Selective CO hydrogenation of cinnamaldehyde over Ir-based catalysts and its comparison with C–O hydrogenolysis of polyols†

Ir-based bimetallic catalysts supported on rutile TiO₂ with low surface area were applied to the selective hydrogenation of cinnamaldehyde to cinnamyl alcohol. Ir–FeO_x/rutile (Ir: 3 wt%, Fe/Ir = 0.1 (molar basis)) was particularly effective. The Ir–FeO_x/rutile catalyst could be applied to the selective hydrogenation of various unsaturated aldehydes (crotonaldehyde, furfural, 2-hexenal and citral) to unsaturated alcohols (≥95% selectivity, ≥81% yield). Since Ir-FeO_x/rutile catalysts have also been reported to be effective in C–O hydrogenolysis of 1,2-diols to 2-monoalcohols, the structure-performance relationship was closely compared between hydrogenation and C–O hydrogenolysis. The optimum catalyst for hydrogenation had a lower Ir loading and a lower Fe/Ir ratio than that for C–O hydrogenolysis. In addition, high-temperature reduction of the catalyst decreased the activity in cinnamaldehyde hydrogenation, while the effect of reduction temperature was reported to be small in C–O hydrogenolysis.

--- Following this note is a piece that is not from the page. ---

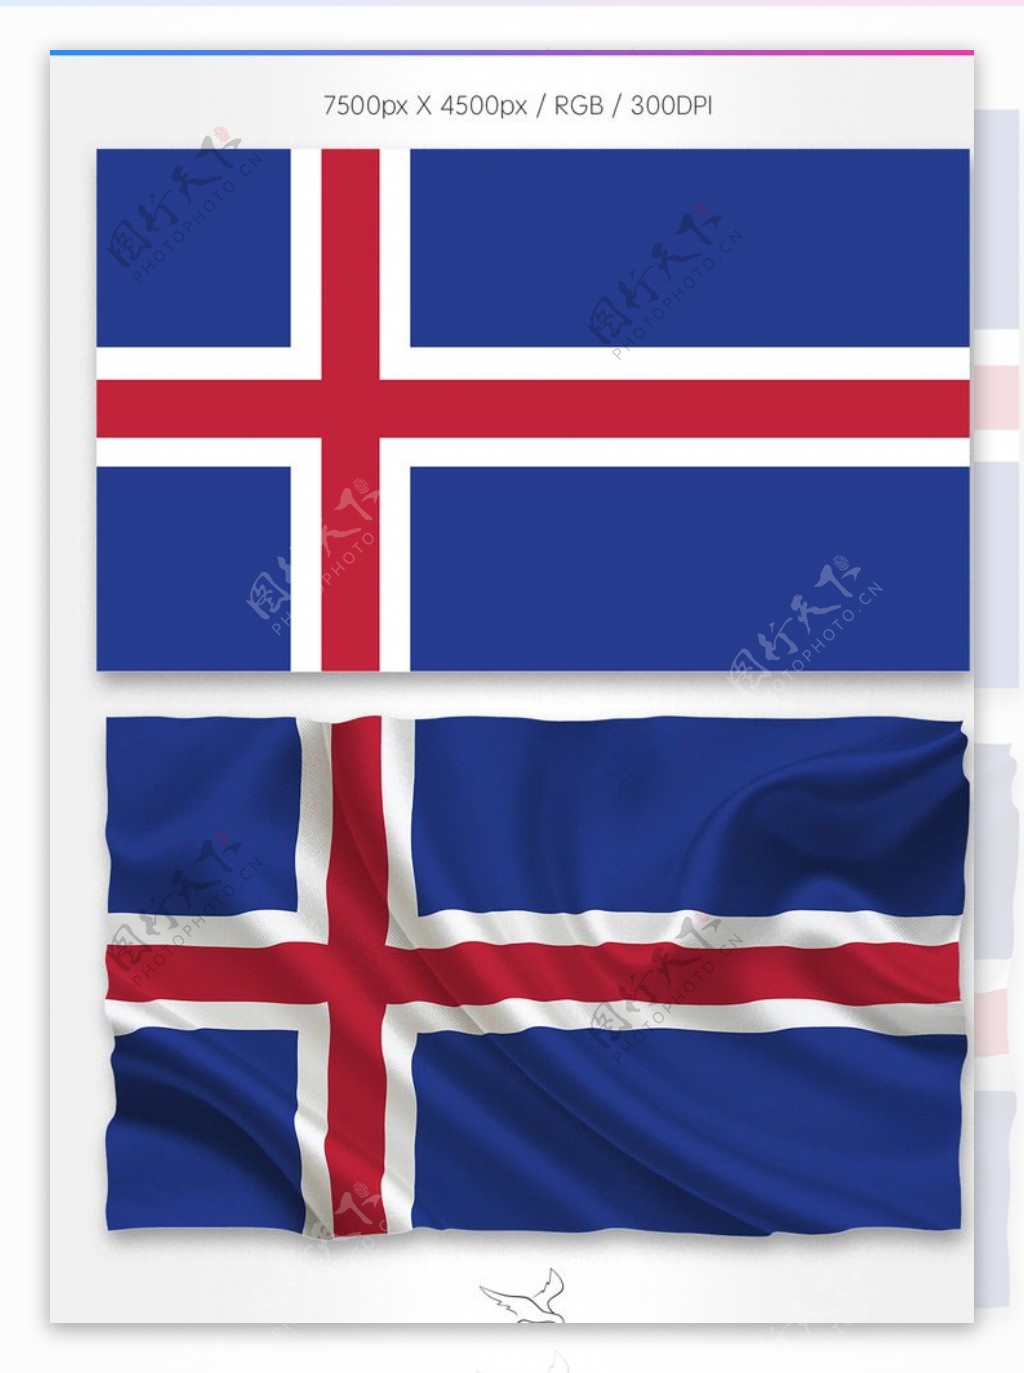 冰岛国旗分层psd

Characterization using transmission electron microscopy (TEM), CO adsorption, XPS and FT-IR suggested a similar structure for the optimized catalysts in the two reactions: Ir–Fe alloy and Fe^m+ species modifying the alloy surface. However, a higher Fe^m+/Fe⁰ ratio was observed for the optimized catalyst in cinnamaldehyde hydrogenation. From the kinetic studies (first-order with respect to H₂ pressure and zero-order with respect to cinnamaldehyde concentration, similar to C–O hydrogenolysis), the nucleophilic attack of the hydride species on the adsorbed cinnamaldehyde was considered the rate-determining step. The Ir–Fe alloy imparted the hydride nature to the adsorbed hydrogen species, and the Fe^m+ modifier served as the adsorption site. In cinnamaldehyde hydrogenation, supplying adsorption sites for cinnamaldehyde was more effective.